Rania Varsha Hafizha, harus hidup dengan Tuan Muda kejam bernama Park Jim-in, asal Negara Ginseng.
Kesabaran yang dimilikinya mengharuskan ia berurusan dengan pria dingin seperti Jim-in. Balas budi yang harus dilakukan untuk keluarga Park tersebut membuat Rania terkurung dalam sangkar emas bernama kemewahan. Ditambah dengan kehadiran orang ketiga membuat rumah tangga mereka semakin berantakan.
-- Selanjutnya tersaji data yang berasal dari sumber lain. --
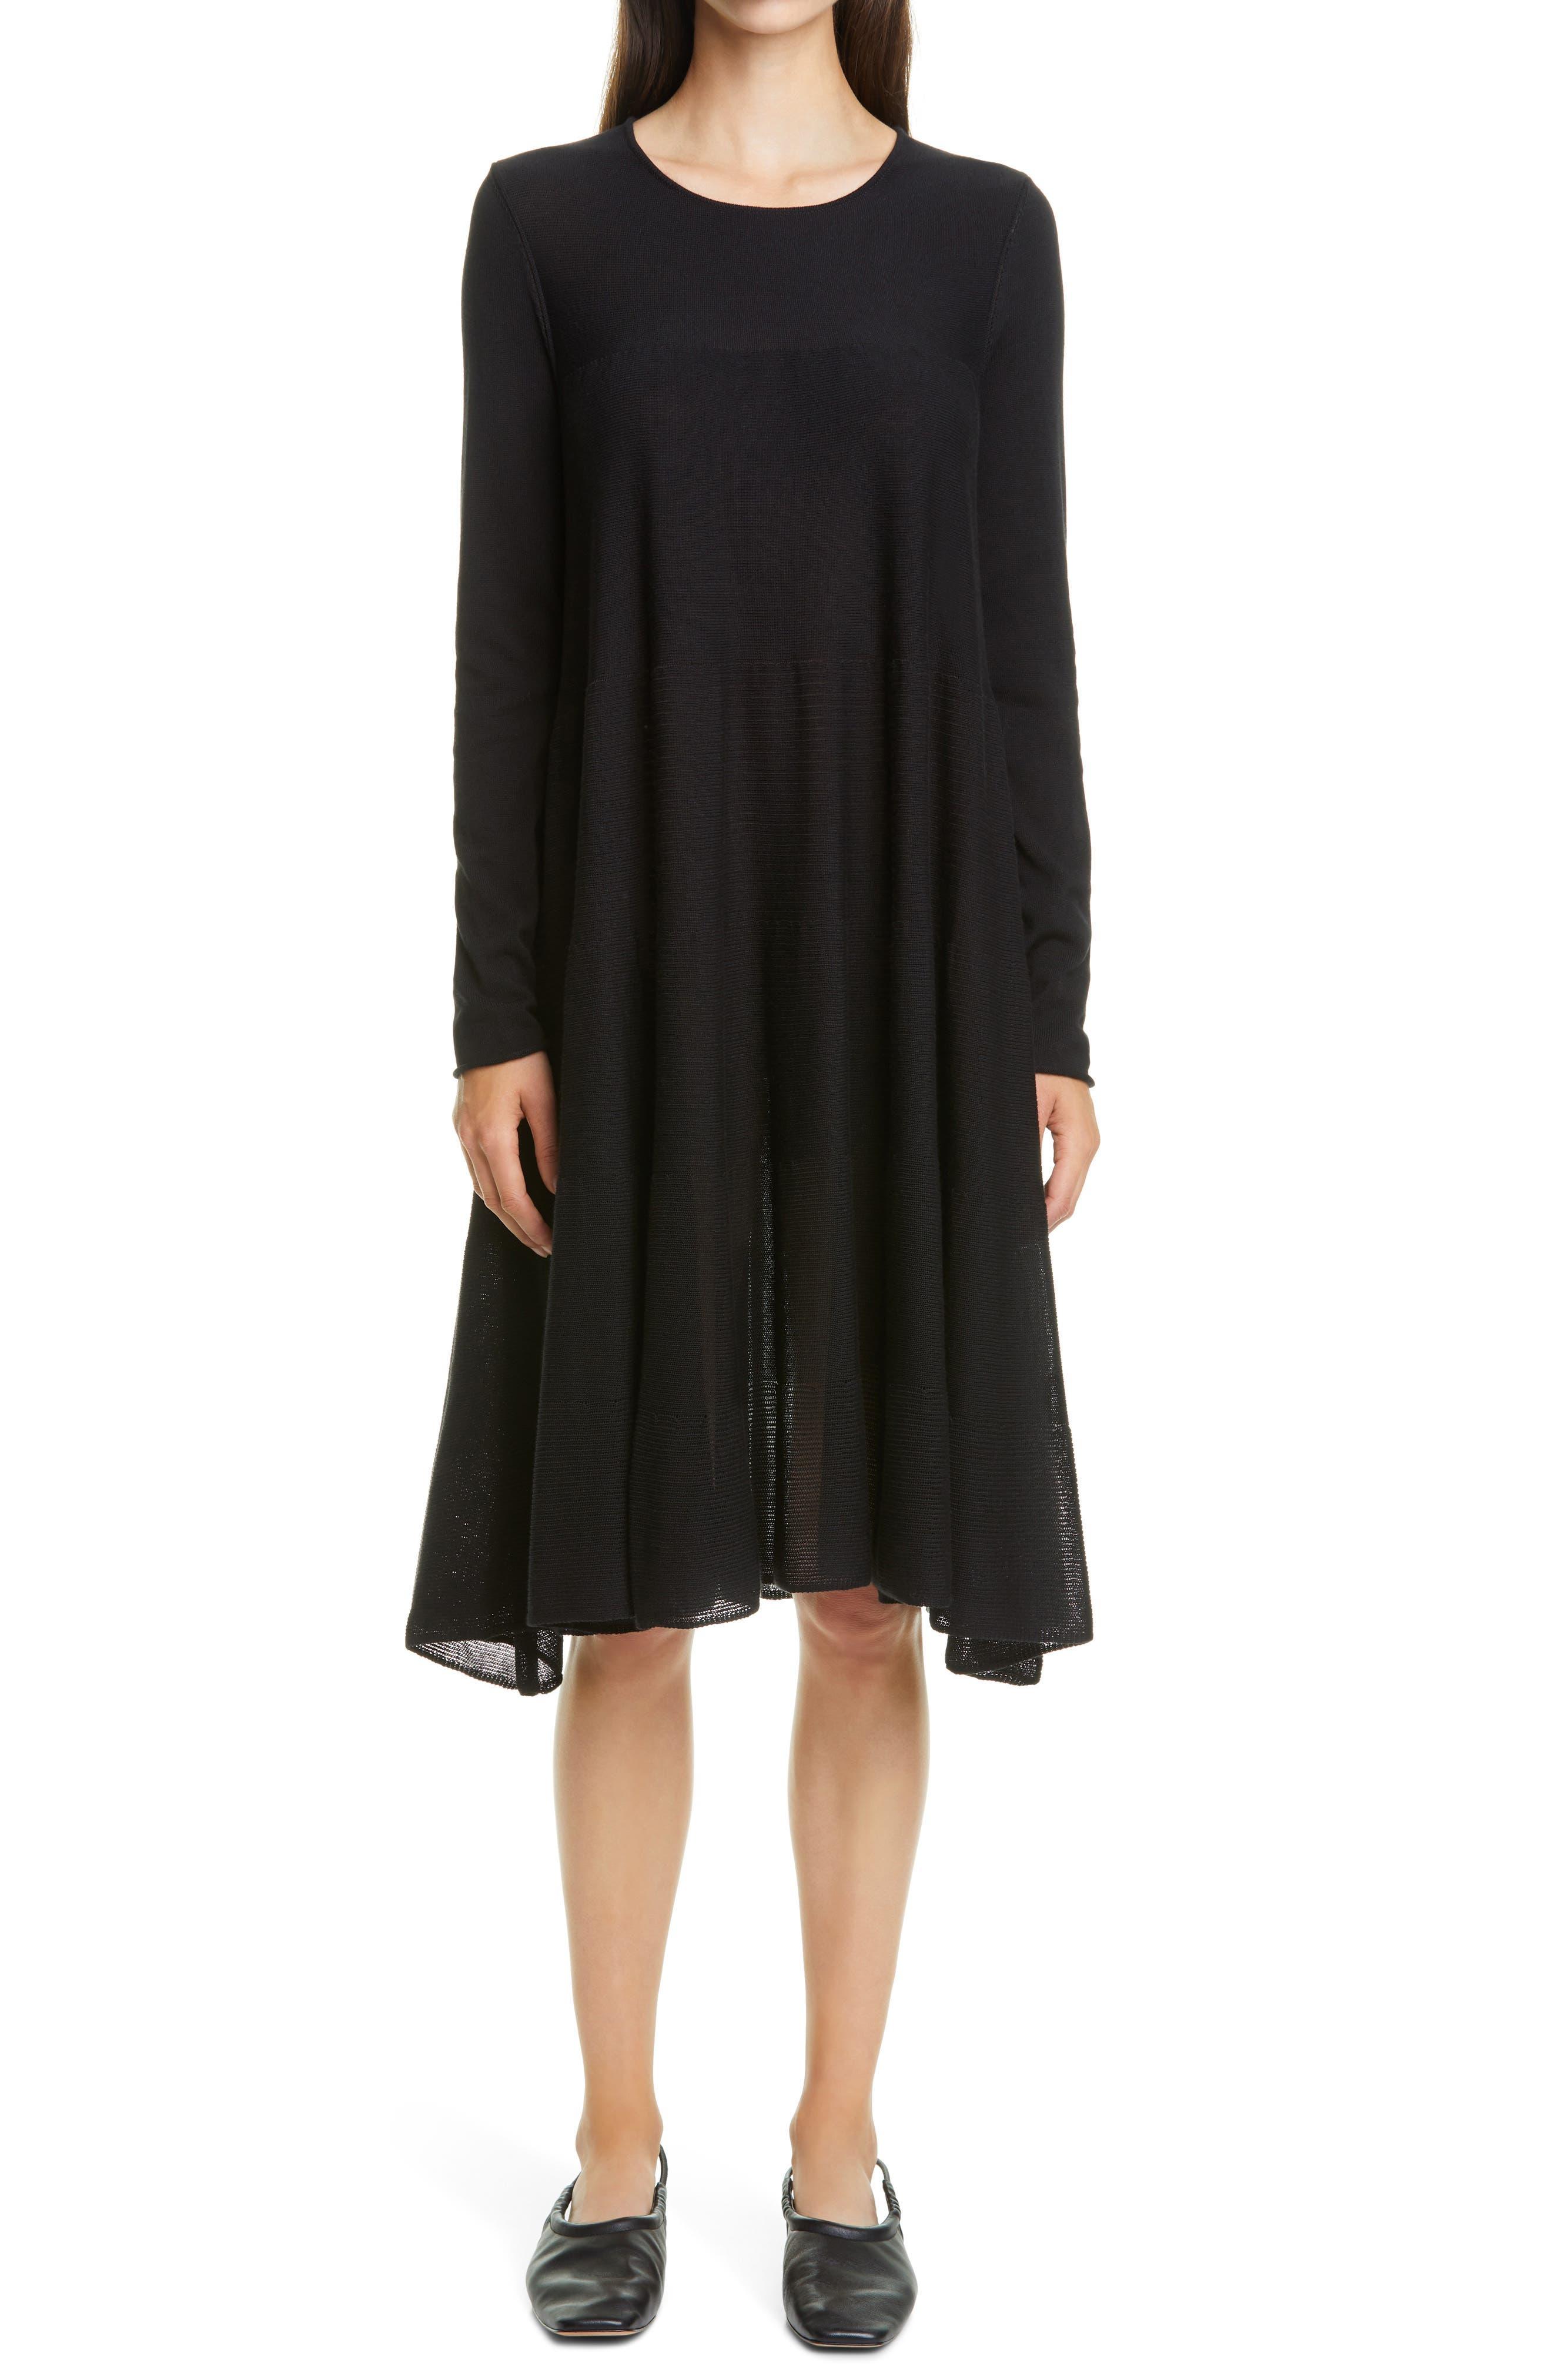 Addison Rib Detail Long Sleeve Dress
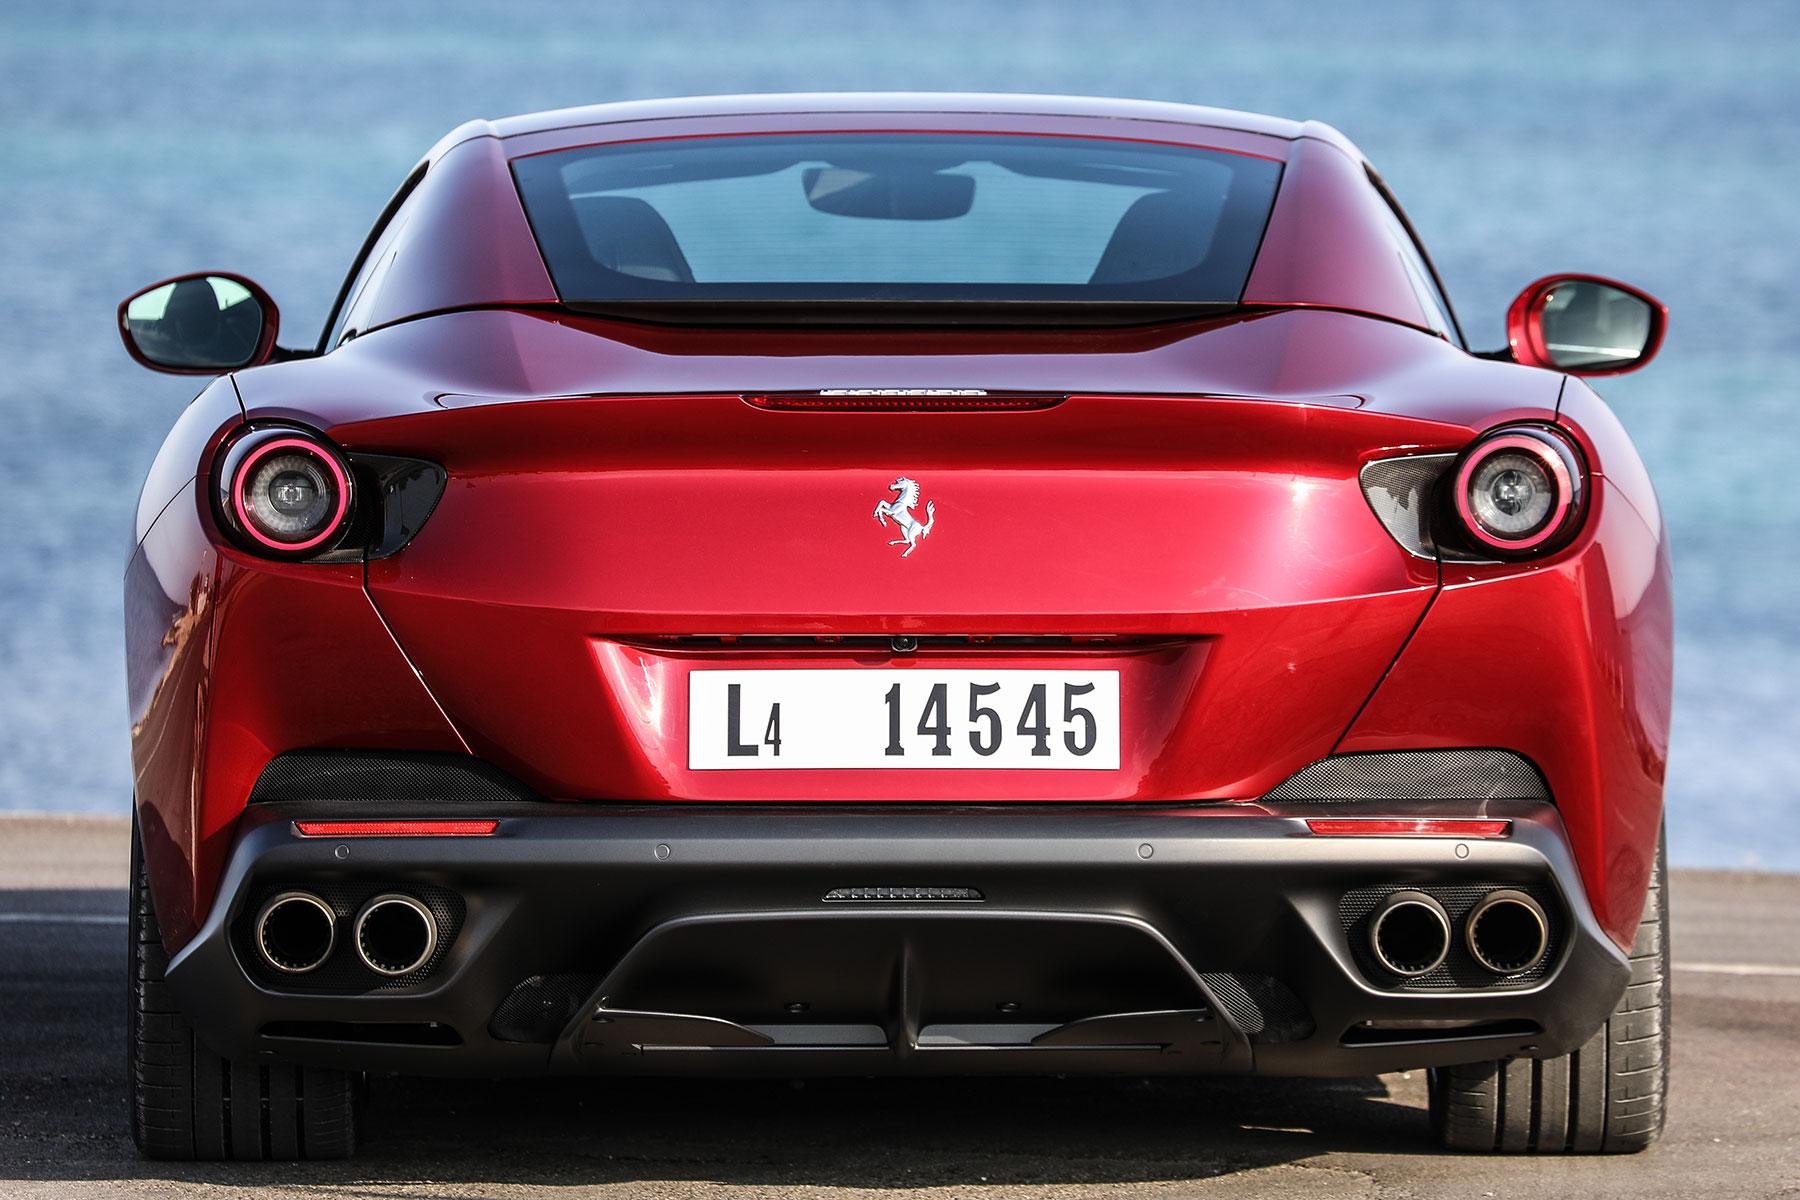 Mazda 2018 Pick Up >> 2018 Ferrari Portofino first drive: the entry-level Ferrari you STILL can't afford

“Aku tidak mencintaimu, hanya Yuuna... wanita yang kucintai.”
“Aku tidak bisa mengubah mu menjadi baik, tetapi, aku akan ada di sampingmu sampai Tuan jatuh cinta padaku. Aku siap terluka jika untuk membuatmu berubah lebih baik.”
Bisakah Rania keluar dari masalah pelik tersebut?
Karya ini diterbitkan atas izin NovelToon Agustine, isi konten hanyalah pandangan pribadi pembuatnya, tidak mewakili NovelToon sendiri
Bagian 27
...🌦️...
...🌦️...
...🌦️...
Musim dingin sebentar lagi datang. Musim yang paling ditunggu-tunggu kedatangannya bagi mereka yang menyukai benda putih dingin menetes dari langit. Namun, tidak bagi mereka yang tidak kuat dengan suhu ekstrem. Sama halnya dengan Rania, belum sempat musim itu hadir dirinya sudah menyiapkan keperluan, mulai dari pakaian, penghangat ruangan dan lain sebagainya.
Semalam hujan turun begitu lebat. Aroma khas selepas hujan menyeruak menendang indera penciuman. Senyum terukir indah di wajah cantik Rania. Ia telah berhasil menghidangkan makanan penggugah selera di meja makan dan tidak sabar melihat reaksi sang suami pagi ini.
"Assalamu'alaikum, selamat pagi Sayang."
Suara baritone menyentak lamunan. Lengan kokohnya melingkar di kepala berhijabnya seraya memberikan kecupan singkat pada sang istri.
Rona merah hadir mengiringi suka cita Rania kali ini.
"Wa'alaikumsalam, suamiku. Aku sudah siapkan sarapan untukmu. Kita makan, yah," ajaknya.
Anggukan semangat diberikan Jim-in lalu duduk di kursi kebesarannya.
Tangan mungil Rania dengan cekatan mengalaskan makanan tersebut untuk sang suami. Tidak lama berselang mereka pun makan dengan damai. Sesekali keduanya berceloteh menghidupkan suasana di meja. Tidak seperti hari-hari itu, kini yang ada di sana hanya mereka berdua. Sejak hubungannya dengan sang suami membaik pelayan yang biasa berdiri di kedua sisi pun turut menghilang. Rania tidak terlalu suka jika harus dijaga ketat seperti itu. Ia mengingkan privasinya sendiri.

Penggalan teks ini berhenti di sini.